**EXERCISE BRIEF:** Please return every line of the material verbatim and skip any images.

**INPUT DATA:**

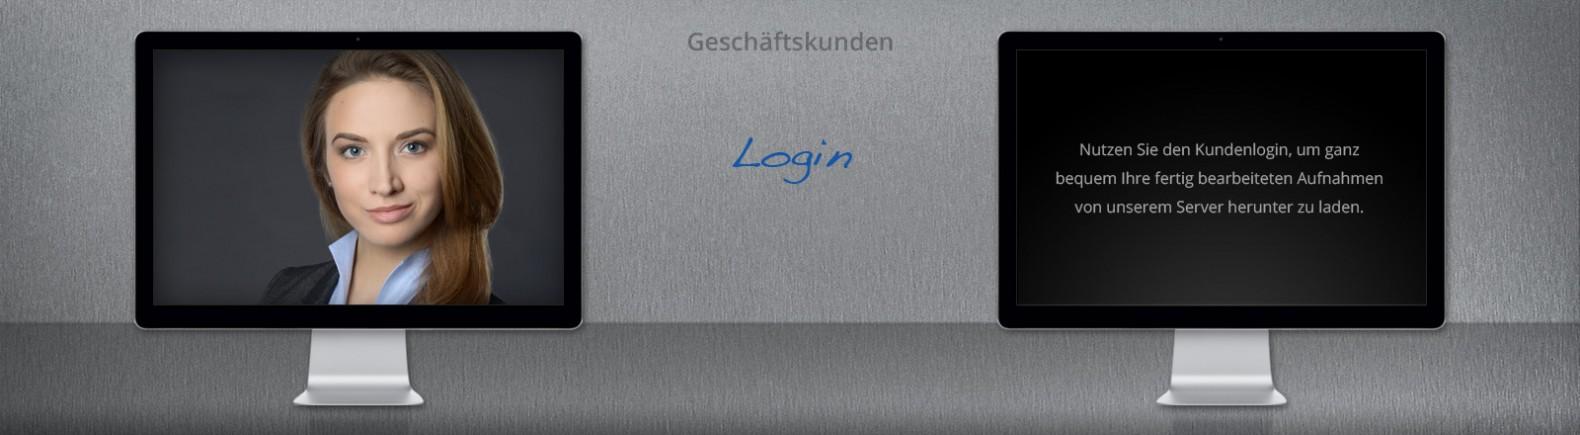 06_01_login_business.fotostudio-schloen-duesseldorf.de
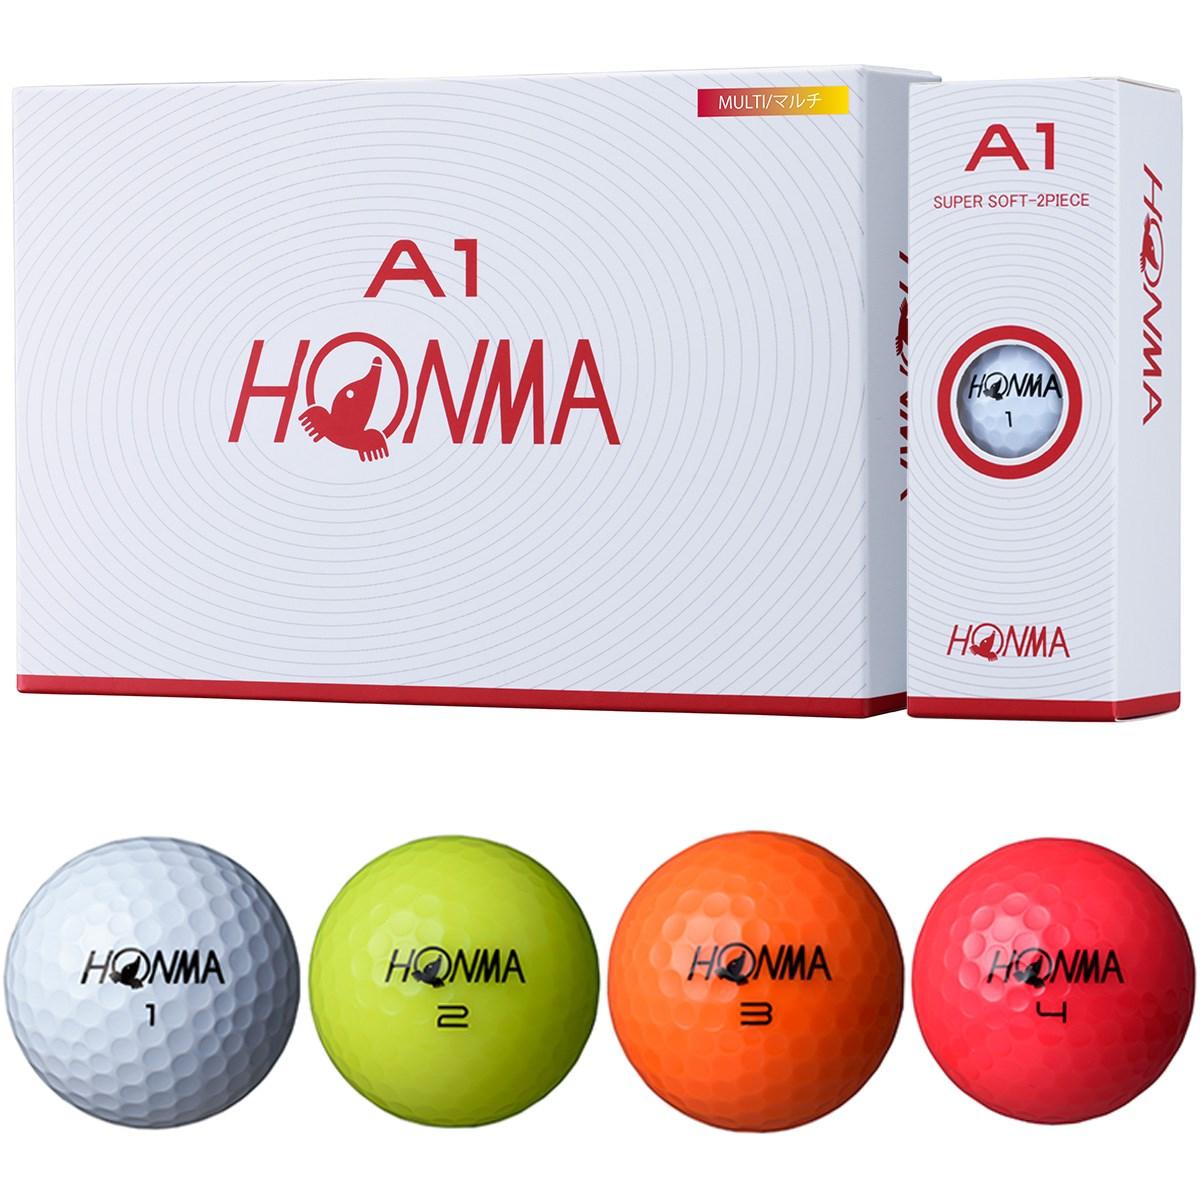 本間ゴルフ HONMA A1 ボール 1ダース(12個入り) マルチ
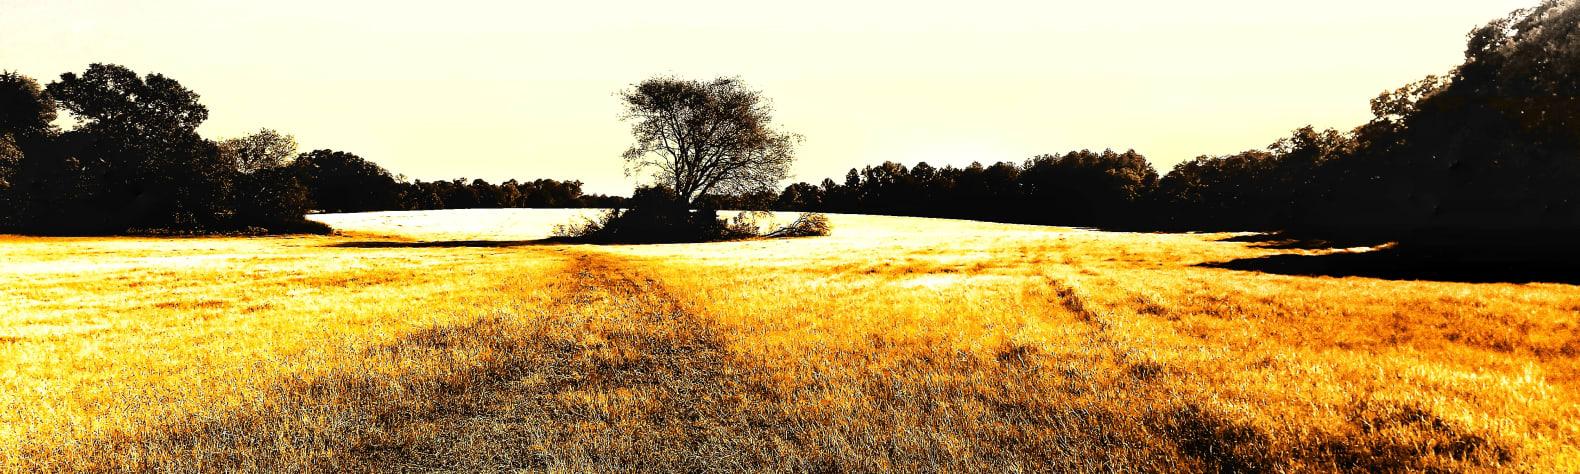 Kelly W.'s Land
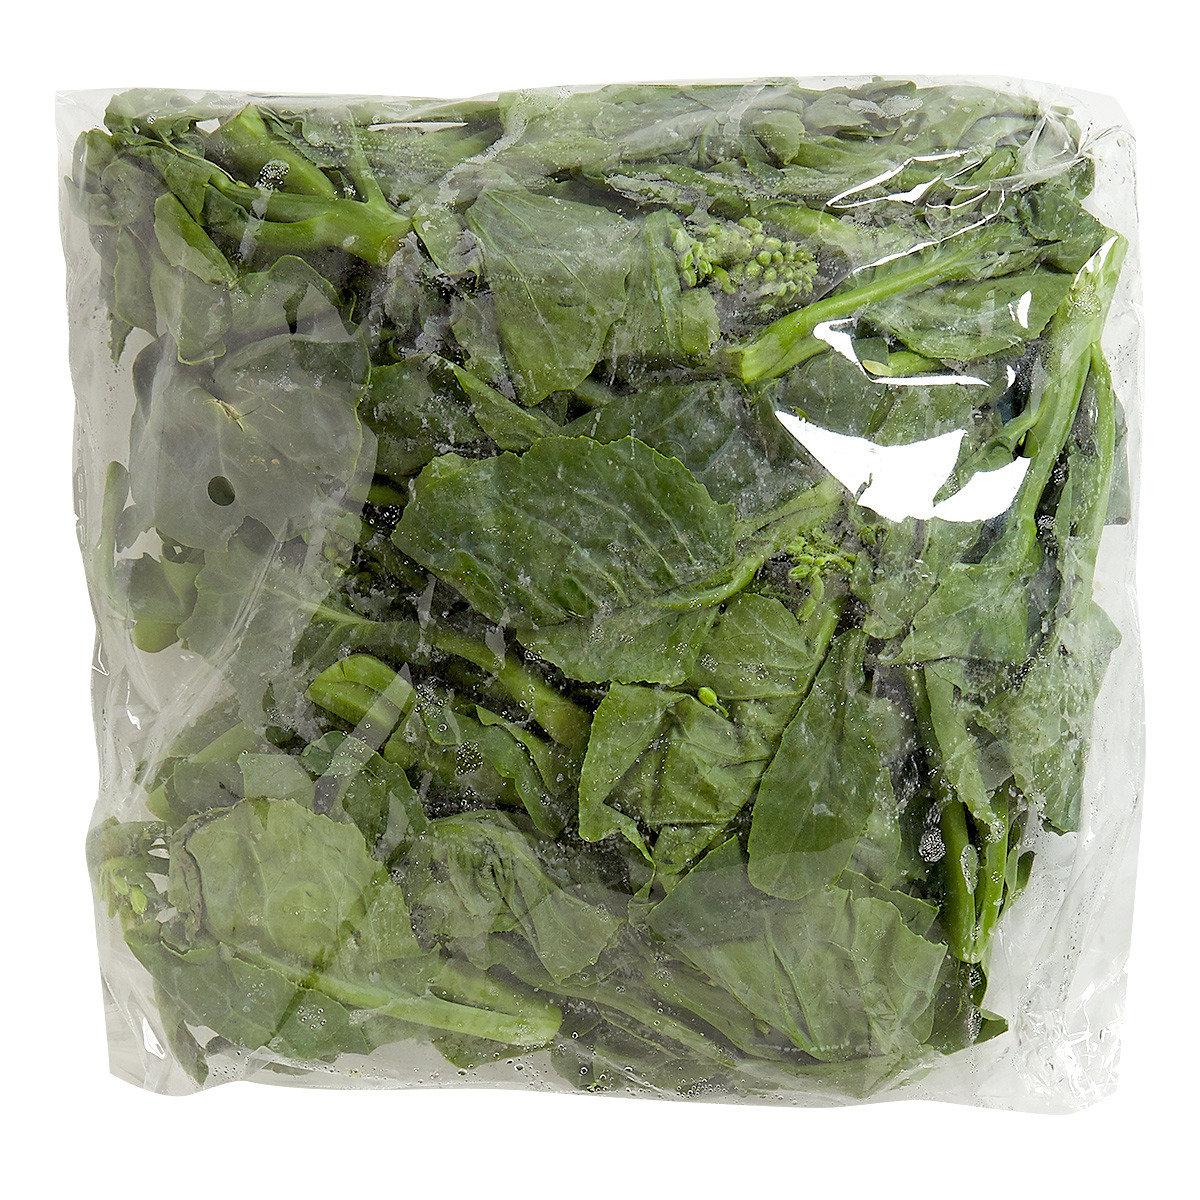 芥蘭苗 (約200-300克)

**RESPONSE FOR THIS EXERCISE:**
 06_01_login_business.fotostudio-schloen-duesseldorf.de
 本間ゴルフ HONMA A1 ボール 1ダース(12個入り) マルチ
 Kelly W.'s Land
 芥蘭苗 (約200-300克)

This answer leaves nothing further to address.